Published Feb 16, 2009
NurseLoveJoy88, ASN, RN
3,959 Posts
hello
today was my second day at clinical for my second semester and i must admit it was one of the emotional challenging clinicals i've had yet. to make a long story short: i started my day doing vs on my post-partum mom and i totally bomed that ! i've done bp using the machine and manually a thousand times but some how some way i had to screw that up. the nurse and i got like a 20 hgmm difference. okay so i get yelled out about that. next its time for my assessment, and i forgot to put gloves in my pocket for when i get to the lady parts. so i know i was unprepared and no that this is not exceptable, but since my instructor was closer to the gloves i kindly asked her if she could hand me a pair she says: no, get it yourself ! so i had to walk shamelesly (spelling) around to the other side of the room to grab those. so at that point i'm so stressed out and i basically have tears swelled up in my eyes, it took all i had to get through the assessment with out crying in front of the pt. or the instructor. so right when i thought i was off the hook because the instructor is leaving the room, she states to the pt: " and let me know if she's not taking good care of you" and she was has serious as a heart attack.
at that point i kindly excused myself from the room after the instructor left and went in the br to cry my eyes out. i was so discouraged that i comtemplated walking out of clinical. i had so much personal stuff going on that the stress from this instructor on top of that nearly broke me. so after crying and praying to god to pull me through i was able to return to the pt. and give her the best competent care a nursing student can give. later the instructor came to me and says : you are doing so well... you are a good learner, very prepared, knowlegdable, and ask good questions. i quickly glanced behind me because i could of sworn that she was talking to someone else. after i realized she was indeed talking to me i was able to walk away with self confidence and pride. after lunch i finished all my tasks and was glad clinical were coming to an end. i actually did my happy dance right before postconference.
so this is to say that although some instructors are drill sargeants and make you feel like the stupidest person on earth don't give up and continue to do your best.
when we become competent nurses its due to those drill sargeants that wouldn't expect less than the best, not the instructor that lets us get away with everything. yes my instructor hurt me today, however i also learned alot as well.
when i become a post-partum nurse i'll know never to walk in the room to complete an assessment with out having gloves close by.
thanks for reading and have a blessed day.
mybrowneyedgirl, BSN, RN
410 Posts
I'm sorry your day was rough. I totally agree with you though. My clinical instructor was very drill sergeant for my 1st clinical. She made me cry too, but I learned so so much. I would have her again in a heartbreat if I could.

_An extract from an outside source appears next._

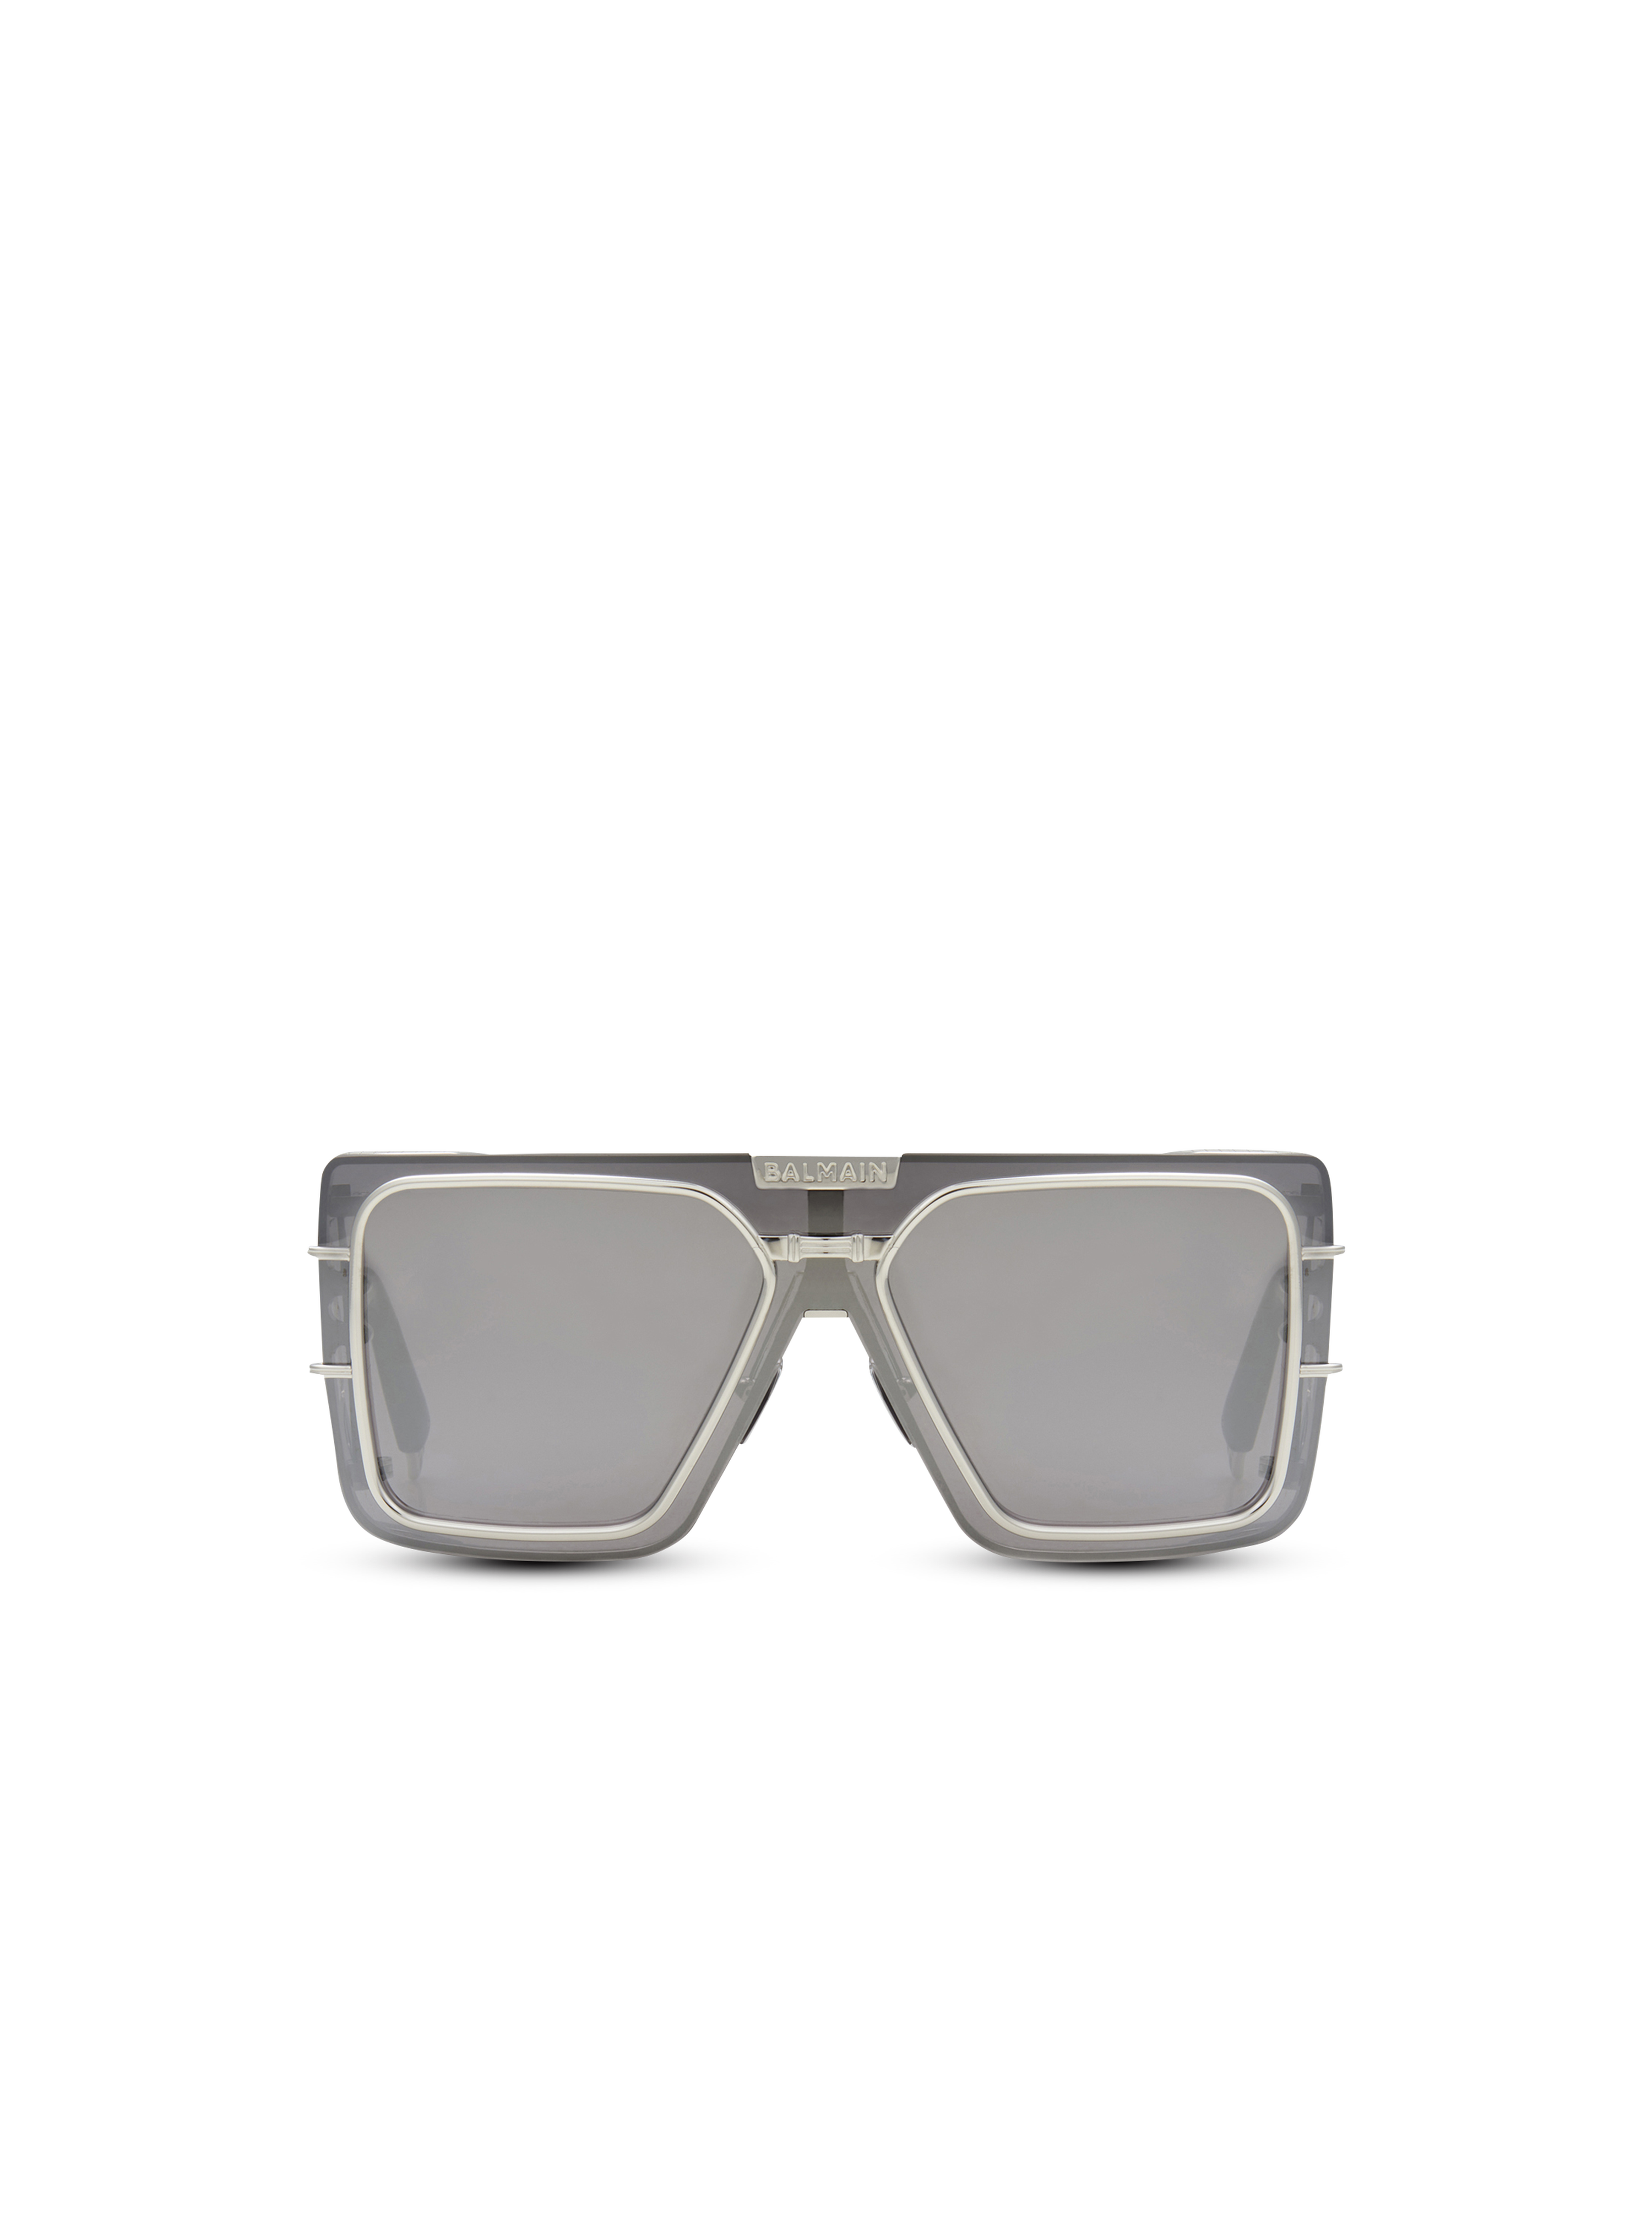 Shield-Sonnenbrille „Wonder Boy” aus Titan, grau

This time I have a laid back teacher and she has not taught me a nearly as much. But I do still have the high standards that my 1st instructor instilled in me.
anewday
101 Posts
Wow... was that really necessary for her to tell the patient to tell her if you aren't taking good care of them? Some of these stories I read are really sickening. I think that was so unprofessional of her. Yes nursing is very difficult but we are also students and are not supposed to know everything. If we knew it all, there would be no need for us to be there. I don't think clinical instructors should be reducing anyone to tears. I can't even wrap my mind around this because I have had some very thorough, yet compassionate and professional clinical instructors. I can't even imagine them treating us in such a way.
hTx87
69 Posts
this past week has also been rough on me. my clinical teacher was rough on me the whole day one clinical..and i broke down after clinical and all night. and her voice was stuck in my head till the next day with the things she had told me. but im not going to let her phase me. i want this and i can do it. she made me feel really stupid, like i was going to fail. shes also one of the instructors that most people dont like..you can do it. we're going to make it. just keep your head up! i tell myself..."god does not put us through things we cant handle"
MySimplePlan
547 Posts
Your instructor is a sadist.
Humiliation has no place in nursing. Period.
redraven_y2k
15 Posts
I left school a couple of weeks ago for that reason and many more. That goes to show you that "Nurses do eat their young".
RN-LOGIC
66 Posts
My advice to you, keep going forward no matter how many obstacles are on your way. There is light at the end of the tunnel.......
cindyloulou
23 Posts
I feel for you. I am in my last clinical rotation before graduating, and I still get that heap of anxiety before each clinical morning. I have had various personalities for clinical and I have to say I have learned the most from the "tough" ones. It's hard when you feel like you're being hammered all day, but it does not last forever.